━━━━━ Given data ━━━━━

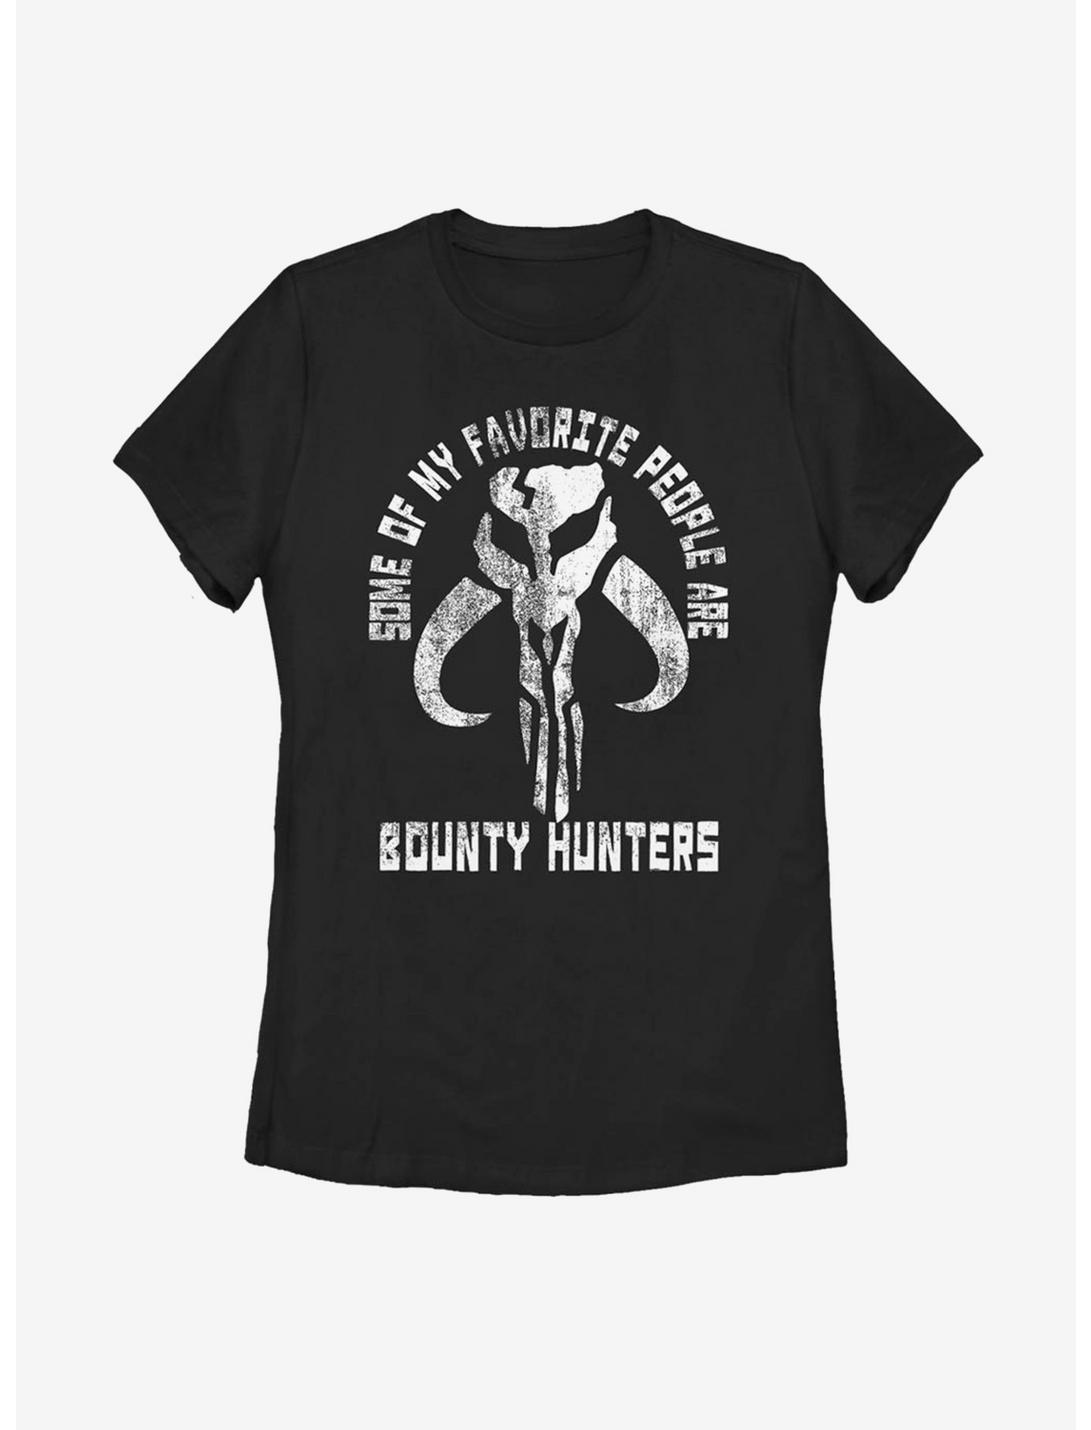 Plus Size Star Wars The Mandalorian Favorite People Bounty Hunters Womens T-Shirt, BLACK, hi-res
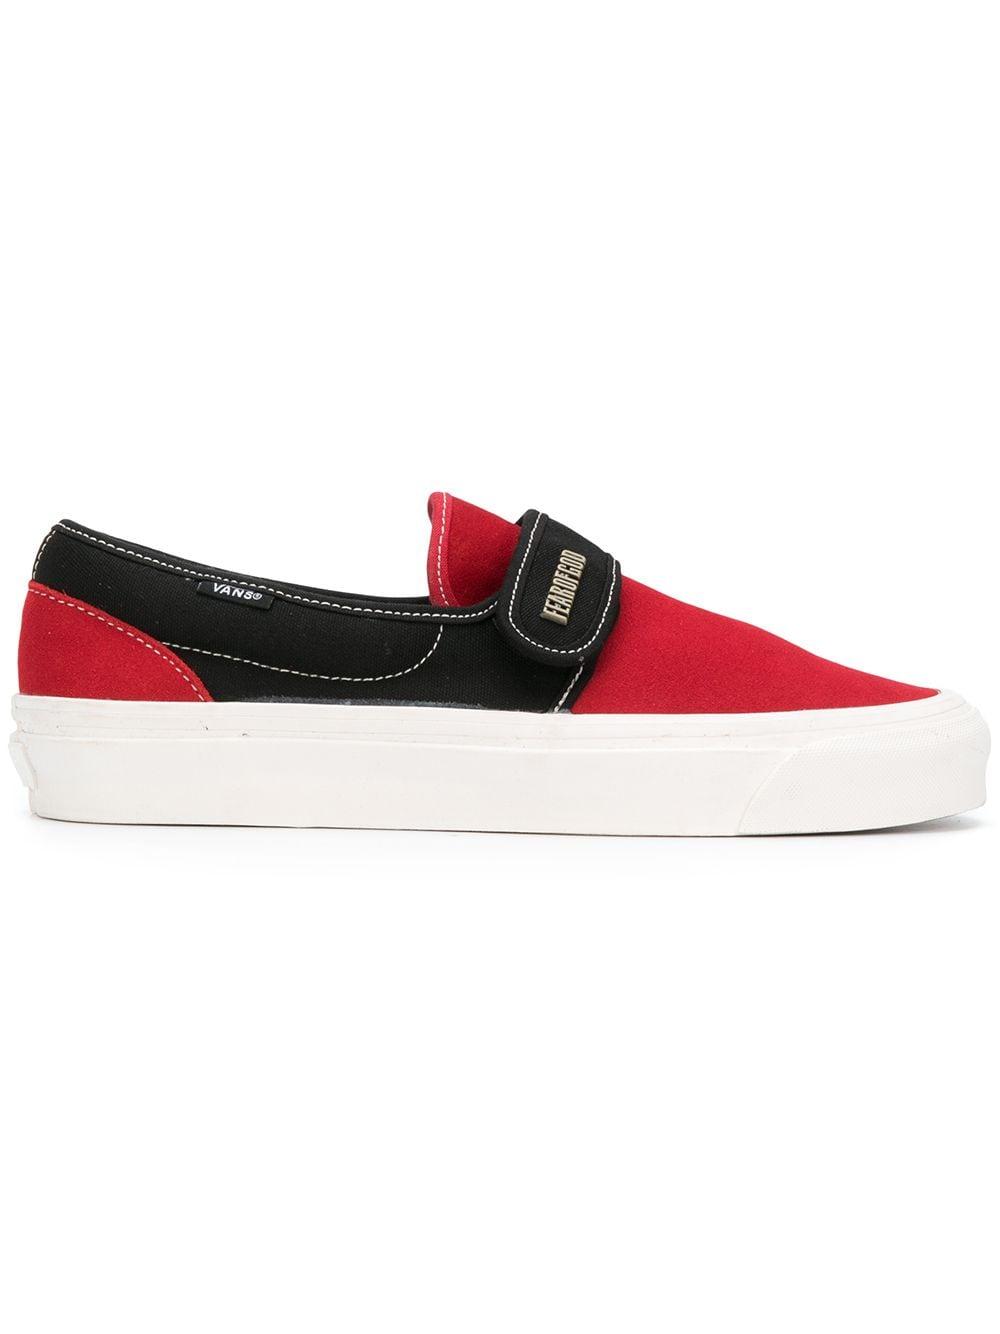 Vans Slip-on 47 'fear Of God' Shoes in Red/Black (Red) for Men - Save 8% |  Lyst
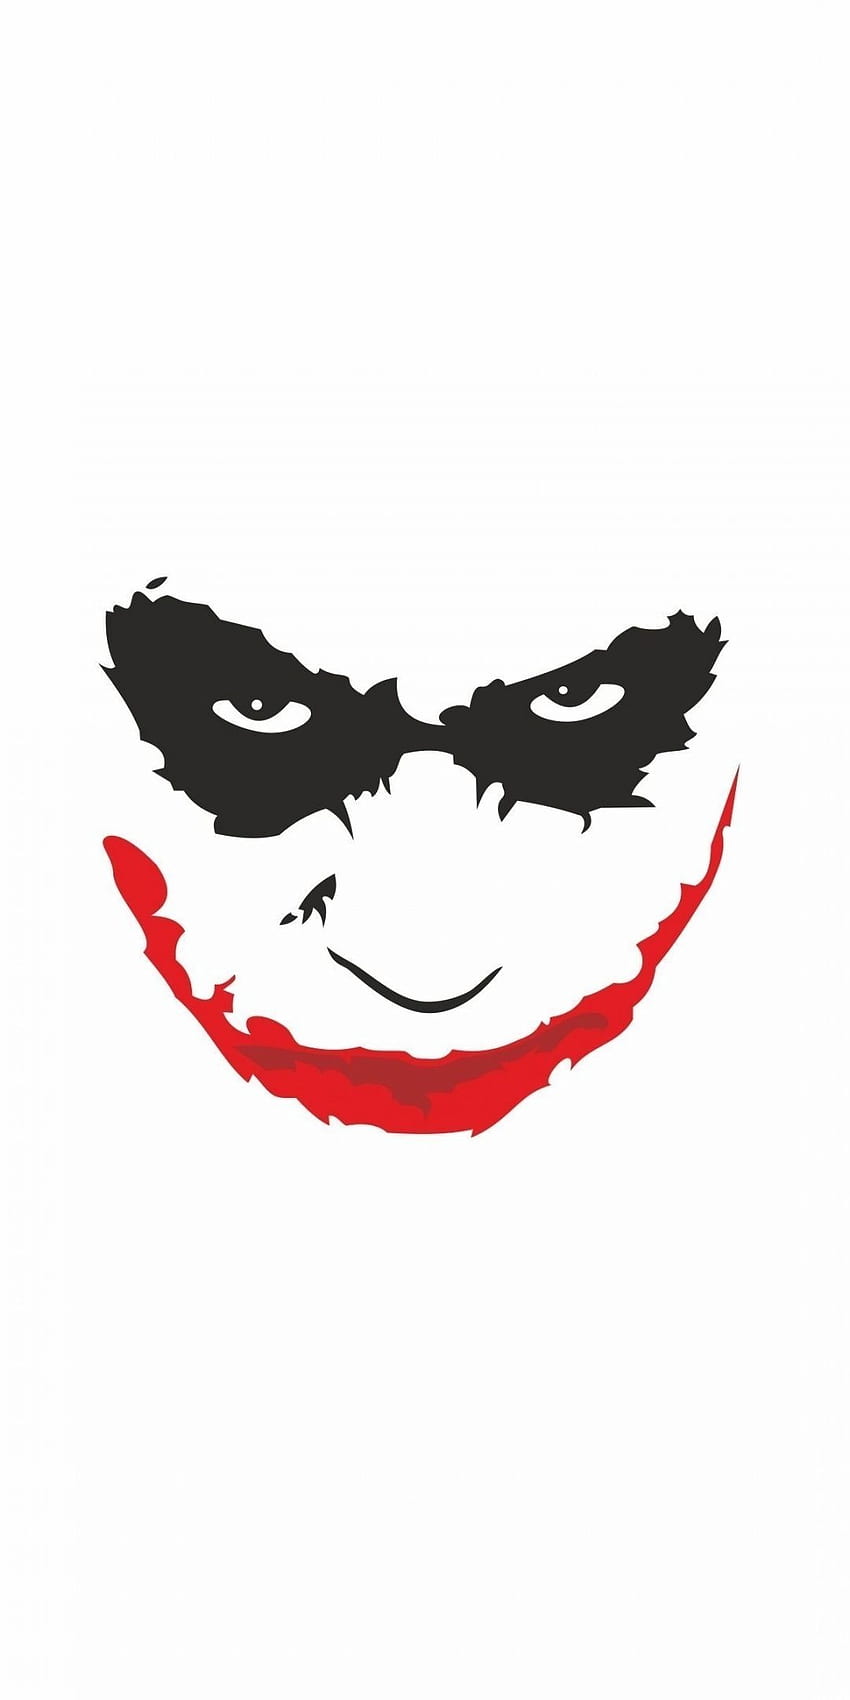 Joker drawing by Stephen Ward | No. 3212

━━━━━

● What to do: Take the lines from the one holding "Vans Slip-on 47" through the final line of the listing above and copy them exactly, both ends included, with no pictures.

● Output for this exercise:
 Vans Slip-on 47 'fear Of God' Shoes in Red/Black (Red) for Men - Save 8% |  Lyst
 Joker drawing by Stephen Ward | No. 3212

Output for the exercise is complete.